Enviropig™ > Societal and Ethical Issues

Societal and Ethical Issues

Food Biotech Consumer Attitudes Social Issues of Food Animal Transgenesis (Lassen et al., 2006)
  1. Is there a risk to the environment or human health?
  2. Is animal welfare better or worse? Will genetic modification of the animal cause suffering?
  3. Is it useful? Often answers to this question have a negative tone however, the main question is whether the application should be rejected. “However, the concept of usefulness is complex and contested, whether it may be societal usefulness vs. self-interested usefulness” (Lassen et al, 2006)

A practical framework for the assessment of genetically modified animals is to adopt the ethical matrix proposed by Mepham (1996) and further explored by Kaiser (2005) which mirrors the four-principle approach known from medical bioethics: do no harm, do good, respect dignity, and be fair.

Two recent articles on transgenic food animals present differing views. These are well presented by Fiester (2008a,b) and Thompson (2008).

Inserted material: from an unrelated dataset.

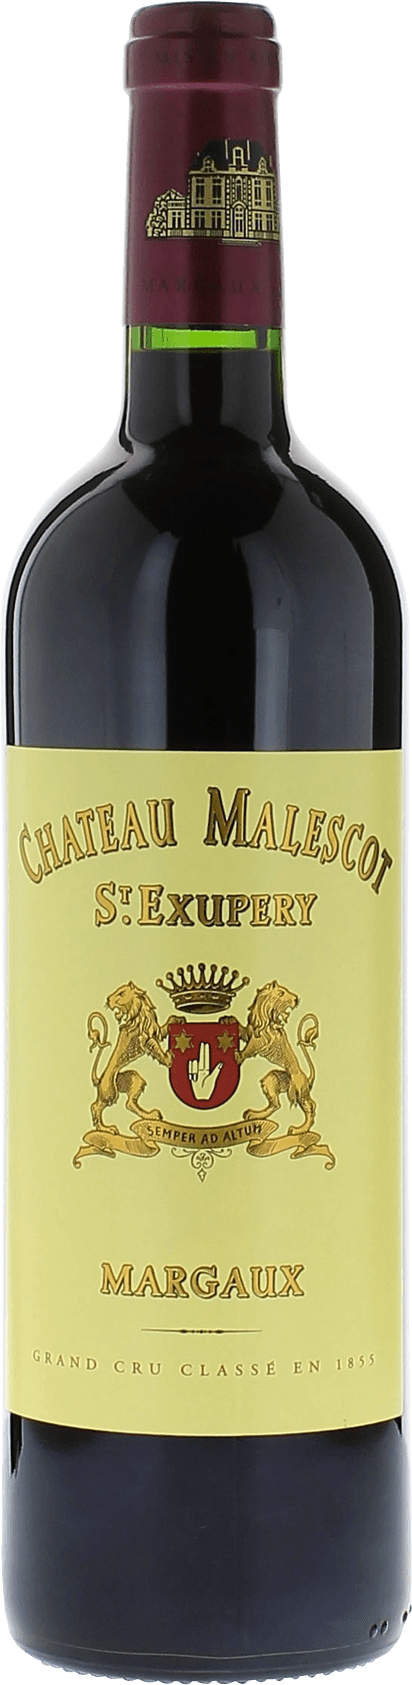 Malescot saint exupery 2016 3me Grand cru class Margaux, Bordeaux rouge

Other papers on social acceptance of biotech are those by (Pardo and Calvo, 2006) and (Knight et al., 2007) . Knight et al. did test marketing of organic, conventional and spray-free GM fruit in New Zealand, Sweden, France, Belgium, UK and Germany. When all were listed at the same price the Spray-free GM corn had the least market share. However, when organic fruit was charged a 15% premium, over conventional fruit and spray-free GM fruit was discounted 15%, spray-free GM fruit had the greatest market share in 3 of 6 countries.

Animal Welfare Issues

All animal experiments are conducted following the strict guidelines of the Canadian Council on Animal Care (http://www.ccac.ca/). Guidelines relating to transgenic animals may be downloaded from the site. Pigs are raised in accordance with the Canadian Code of Practice (new website http://www.nfacc.ca/pdf/english/Pigsfactsheet.pdf) for environmentally sound hog production. A major concern with the production of transgenic animals is the impression that they are unhealthy and suffering. However, for a transgenic pig to be useful in the pork production industry it must have all the valuable attributes of pigs currently in production, and in addition have the unique trait it was designed for. In the case of the Enviropig™, the pigs were developed to make available an adequate supply of phosphorus from plant material for optimal growth. Endowing upon the pig the ability to better satisfy its nutritional requirements is a positive characteristic. Growth rate is a key indicator of animal health. We have shown that the Enviropigs grow at the same rate (or indeed faster under some circumstances) as conventional pig that have the same diet except supplemented with phosphorus. From conventional wisdom, it is obvious that the Enviropigs are not suffering, and indeed are more fit than conventional pigs.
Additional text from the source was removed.